One, you need to have an index.html as that file will be served when someone tries
to access the homepage of your site. Second, Google Drive websites have a URL
structure like googledrive.com/host/ and there’s no way to change the default URL.
Google Drive Websites on Custom Web Domain

If you are hosting a website on Google Drive but wish to serve it under your own
custom domain, that’s not possible yet but you can follow a workaround.
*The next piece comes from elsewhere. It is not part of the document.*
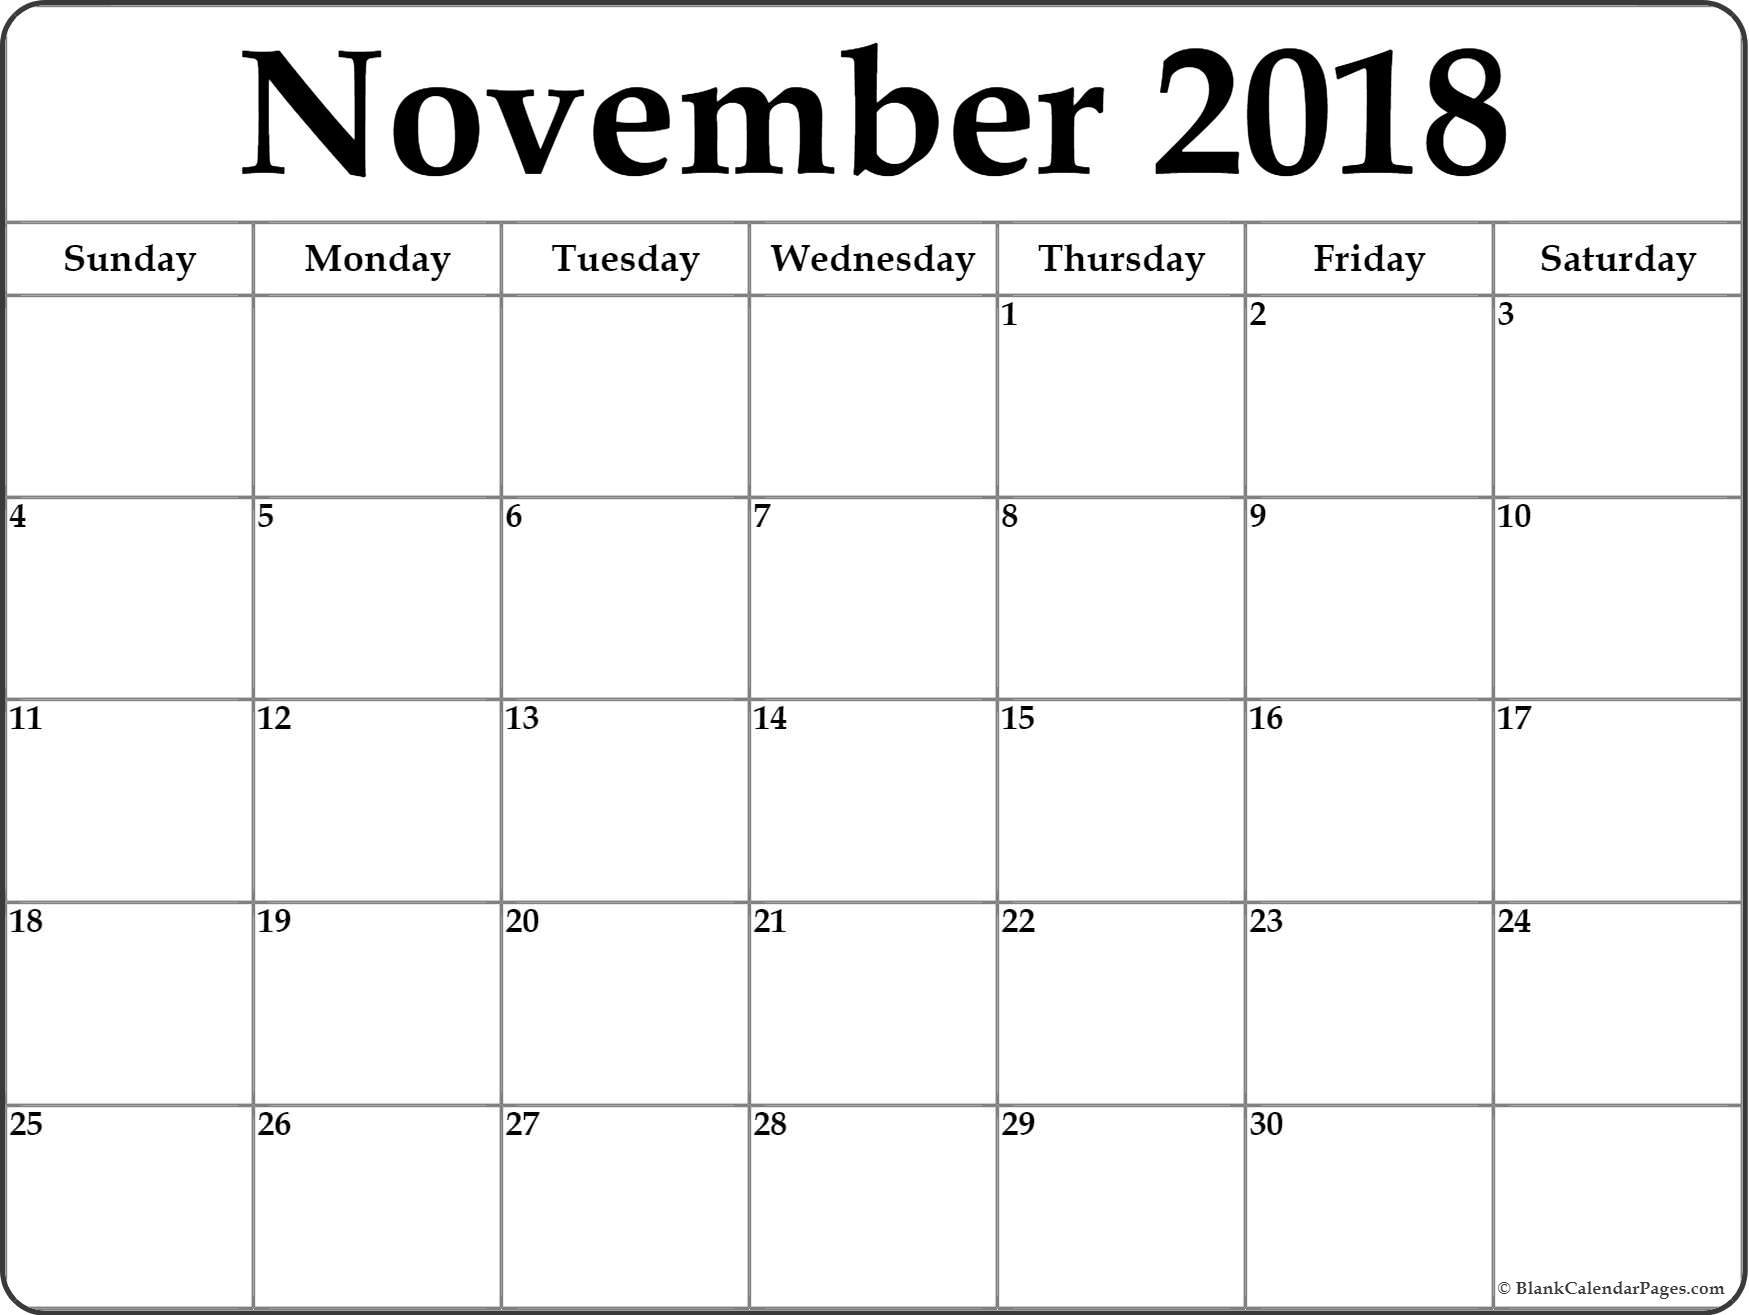 November 2018 Calendar | Free Printable Monthly Calendars pertaining to Blank Printable November Calendar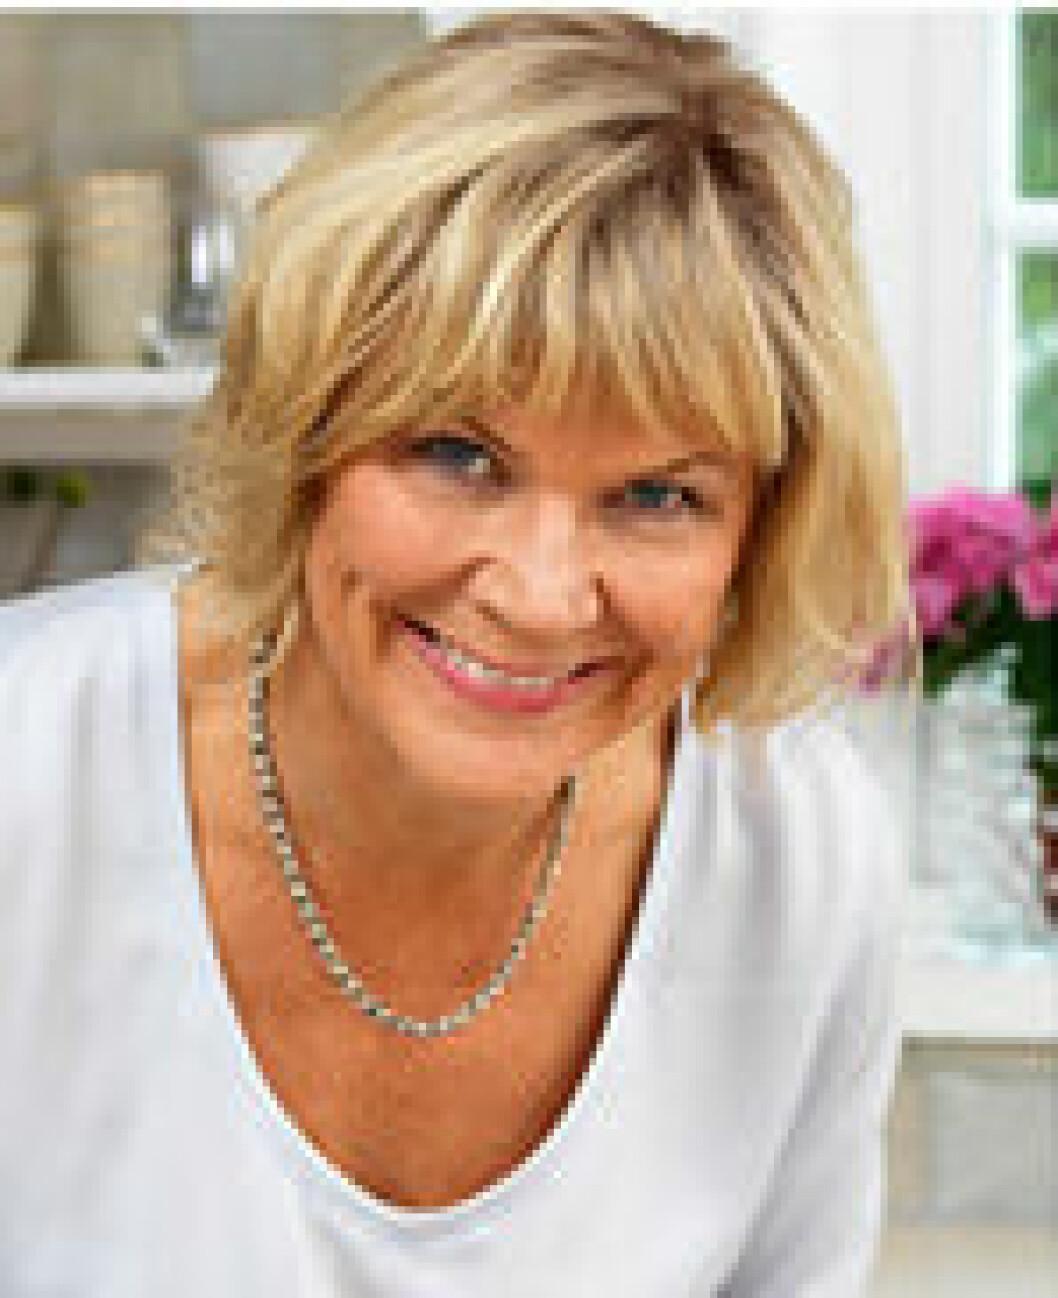 Matmagasinets chefredaktör Maud Onnermark

I’ll show an example here. This website is hosted on Google Drive and here’s
the same website but hosted on a different web domain. The trick is easy - you just
have to wrap your Google Drive website URL inside an IFRAME tag as shown in
the following snippet:

<html>
<head>
<style>
body { margin:0; padding:0; }
iframe { position: absolute; height: 100%; width: 100%; }
</style>
<title>Google Drive Website</title>
</head>
<body>
<iframe src="https://googledrive.com/host/ABCD/"
frameborder="0"></iframe>
</body>
</html>

The height and width attributes of the IFRAME tag should be set to 100% for the
Google Drive website to occupy the entire screen. The only downside is that the
URL in the address bar won’t change if you open a different page of the website
since you are now browsing inside an embedded page. ?

Google Drives serves your website over HTTPS and thus can also be used for
hosting custom Facebook Pages since Facebook requires that custom pages are
only served over secure HTTP.

PS:Google Drive cannot be used for serving dynamic pages like those generated
through PHP scripts on a WordPress website.